TEMPO.CO, Jakarta - Ada kalimat yang meneguhkan, bagaimana para konglomerat Asia melihat realita, “Remember, every treasure comes with a price,” kata Kevin Kwan dalam bukunya, Crazy Rich Asians, yang terbit pada 2013.
Buku Kwan diadaptasi dalam film berjudul sama, yang digarap sutradara kawakan Jon M. Chu lima tahun setelah buku itu rilis. Dalam buku dan film itu dikisahkan kompleksitas percintaan perempuan biasa dengan pria yang berasal kalangan dari konglomerat kaya di Singapura.
Ide cerita yang konon klise, namun dikemas segar, itu telah memotret kehidupan orang-orang di negeri singa yang bergelimang kemewahan.
Pada sebuah scene, tokoh dalam film yang naskahnya ditulis ulang oleh Peter Chiarelli dan Adele Lim, yakni Araminta Lee (diperankan oleh Sonoya Mizuno) dan Colin Khoo (diperankan oleh Chris Pang), dikisahkan menikah di Chijmes, Victoria Street. Dari situ pulalah awal cerita kemegahan hidup para konglomerat Singapura digambarkan.
Dari Chijmes, TEMPO mencoba menyusuri sejumlah lokasi yang digunakan untuk syuting Crazy Rich Asians pada akhir pekan 20 Juli lalu. Tur ini dipandu oleh seorang guide bernama Goh Zhen Yu dari Monster Day Tours. Tempo memesan paket tur ini melalui aplikasi Agoda yang direkomendasikan dalam Things To Do. Tur berdurasi 4 jam dan ditempuh dengan jalan kaki.

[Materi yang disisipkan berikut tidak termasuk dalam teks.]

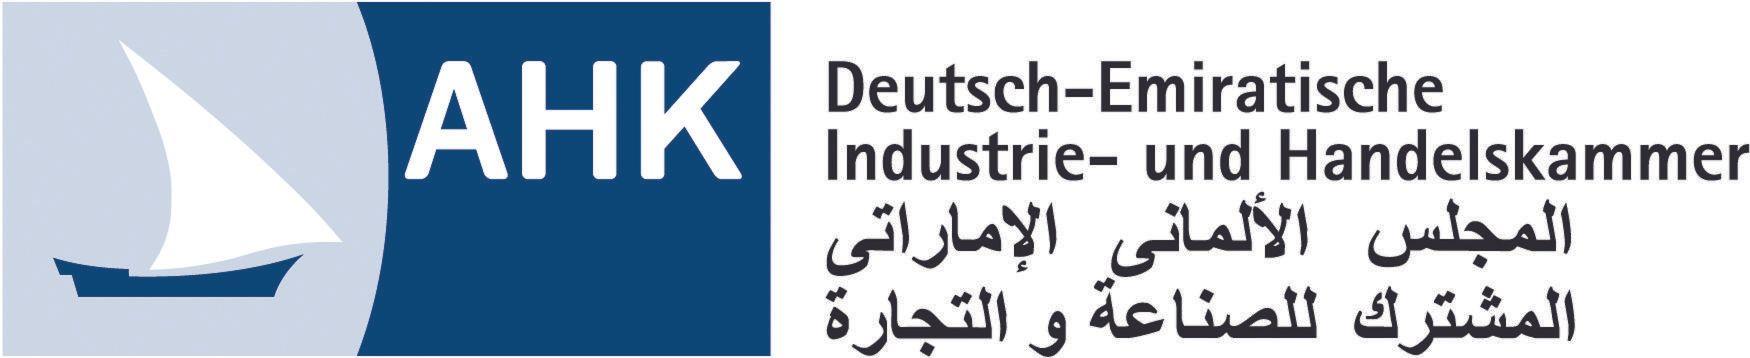 Deutsch Emiratische Industrie und Handelskammer AHK

Bangunan Chijmes di Victoria Street, Singapura, bagian dalam tampak seperti katedral pada zaman neo-Ghotic. TEMPO/Francisca Christy Rosana
Menunggang bus nomor 167 jurusan Capitol Building dari China Town—tempat TEMPO menginap, bangunan yang ikonik di kawasan Victoria itu dapat dijangkau dengan waktu tempuh lebih-kurang 16 menit. Tiba di bangunan itu, kesan pertama yang merasuk dalam amatan adalah: perkawinan budaya antara Eropa, China, dan sedikit sentuhan Melayu. Ya, bangunan yang usianya sudah ratusan tahun lantaran berdiri sejak pertengahan tahun 1800-an itu memang hasil akulturasi.